Режиссер Владимир Мирзоев — The New Times

«Нужно сыпать соль на раны». Черные «Ауди», в которых по Москве разъезжают князья Шуйский и Воротынский, восходящий на престол царь Борис в костюме и галстуке, известный телеведущий Леонид Парфенов в роли дьяка Щелкалова, зачитывающий по телевизору царские указы, Григорий Отрепьев, объясняющийся в любви Марии Мнишек в огромном бассейне, — таковы герои фильма «Борис Годунов», премьера которого ожидается в Москве в апреле. Режиссера фильма Владимира Мирзоева расспрашивал The New Times

Почему «Борис Годунов» и почему сейчас?

Проект концептуально возник еще в 1997-м, но тогда президентом страны был Борис Николаевич Ельцин и потенциальным инвесторам, видимо, казалось, что снимать кино про царя Бориса опасно. И я, и Максим Суханов, сыгравший главную роль, — мы искали продюсера все эти годы.

Что вам говорили?

Одни говорили: «Это никому не нужно, неинтересно». Другие по-советски дули на воду — как бы чего не вышло.

Неусвоенный урок

Чего боялись?

А кто их знает? Боялись сатиры, боялись, что возникнут ненужные аллюзии. Это один из главных изъянов российской цивилизации — загонять сложные проблемы вглубь, так сказать, во тьму бессознательного. Конечно, мы травмированы нашей историей. Но ведь весь современный психоанализ твердит: травму нужно выговорить, извлечь на свет. А у нас исторические травмы стыдливо прячут, загоняют в подполье, где они не исчезают, а, наоборот, превращаются в невроз, обретают новое мифологическое тело. Сначала кажется — обычная плесень, грибы-поганки, а потом глядь — в подполье созрел уже Кащей Бессмертный. Однажды он вырывается наружу и, расправив кожистые крылья, несет боевое дежурство. Многим кажется, что это непатриотично — говорить о родимых пятнах русской истории, о проблемах, якобы фатально нас преследующих. Но человек культуры пытается что-то с этим делать, он рефлексирует, через боль, но разбирается в своих бедах. И я думаю, это единственный путь к нравственному возрождению общества.

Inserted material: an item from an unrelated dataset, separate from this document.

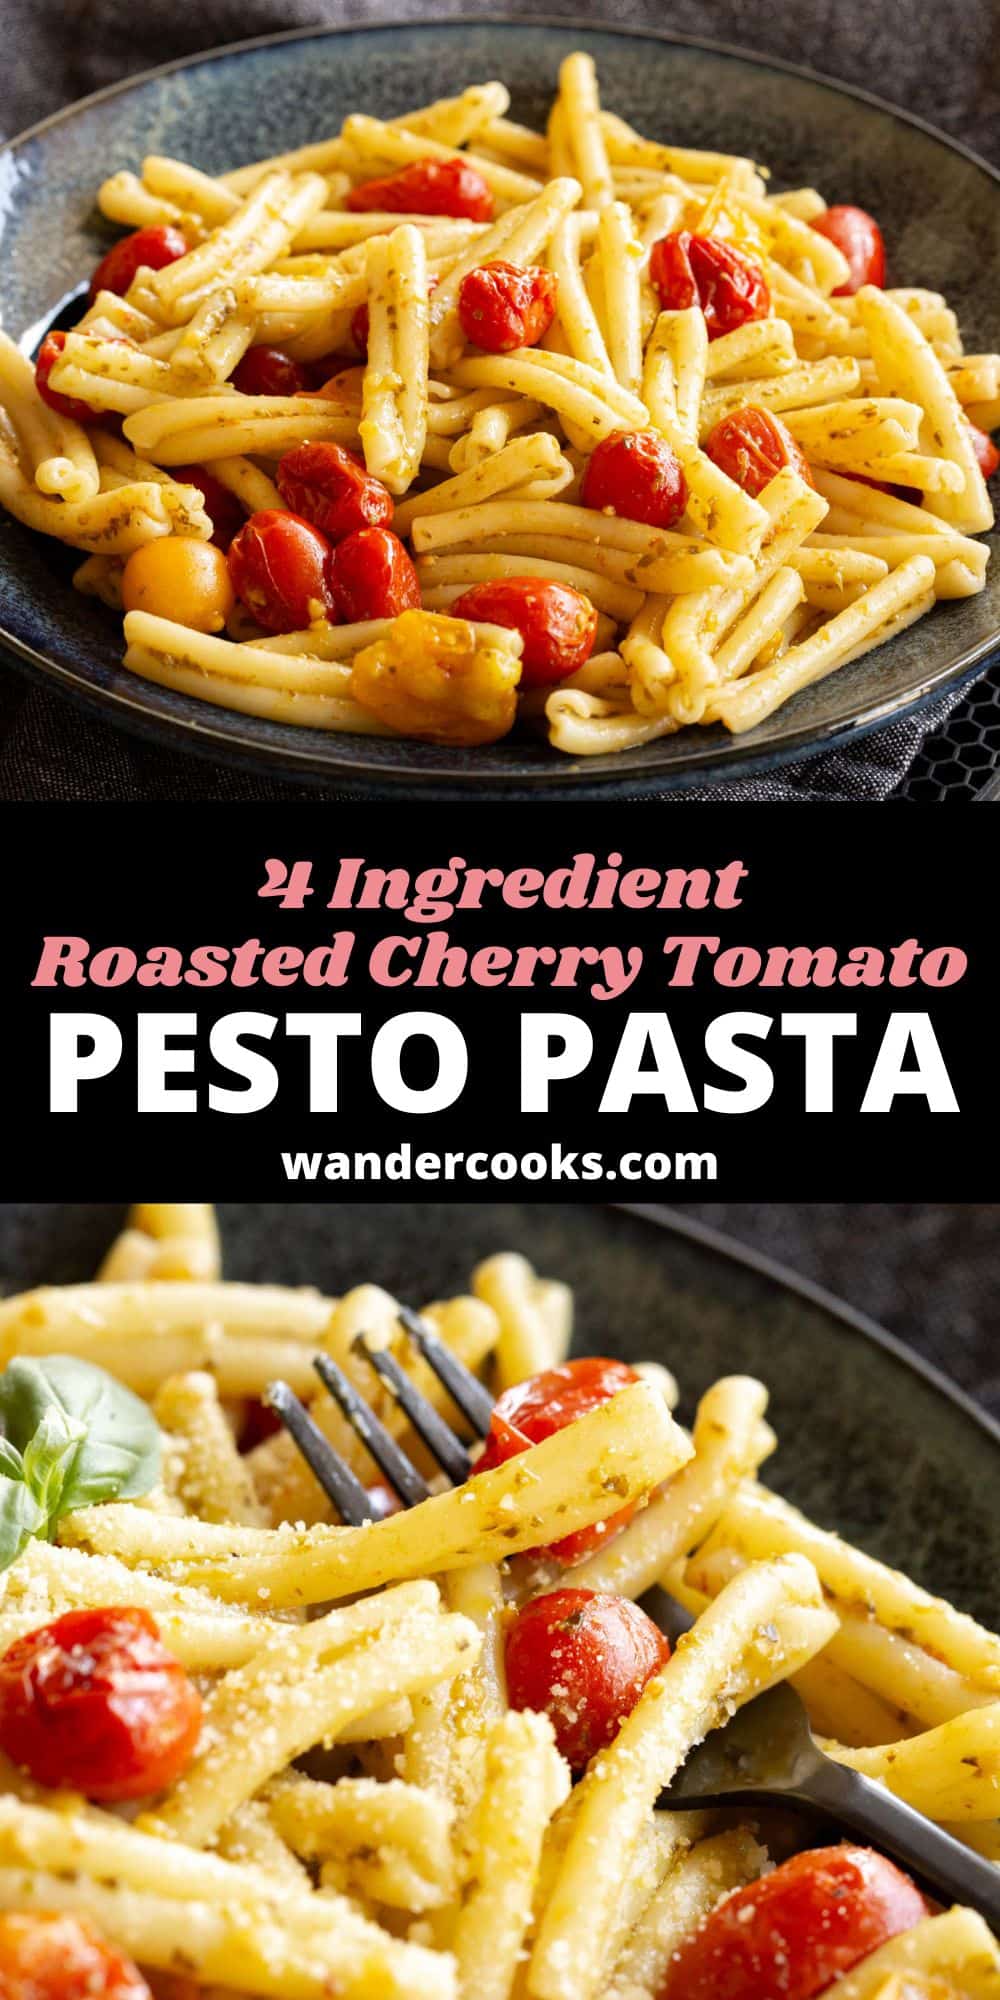 Roasted Cherry Tomato Pesto Pasta

«Борис Годунов» насыщен идеями и ситуациями, в которых современный человек узнает себя. Видимо, их следует назвать архетипическими, вечно актуальными. Поэтому пушкинский текст всегда отпугивал начальство, пекущееся о состоянии «неокрепших умов». Начиная с того момента, когда пьеса поступила к высшему цензору Николаю I в 1826 году. Постановки были запрещены, первый спектакль появился аж через 40 лет.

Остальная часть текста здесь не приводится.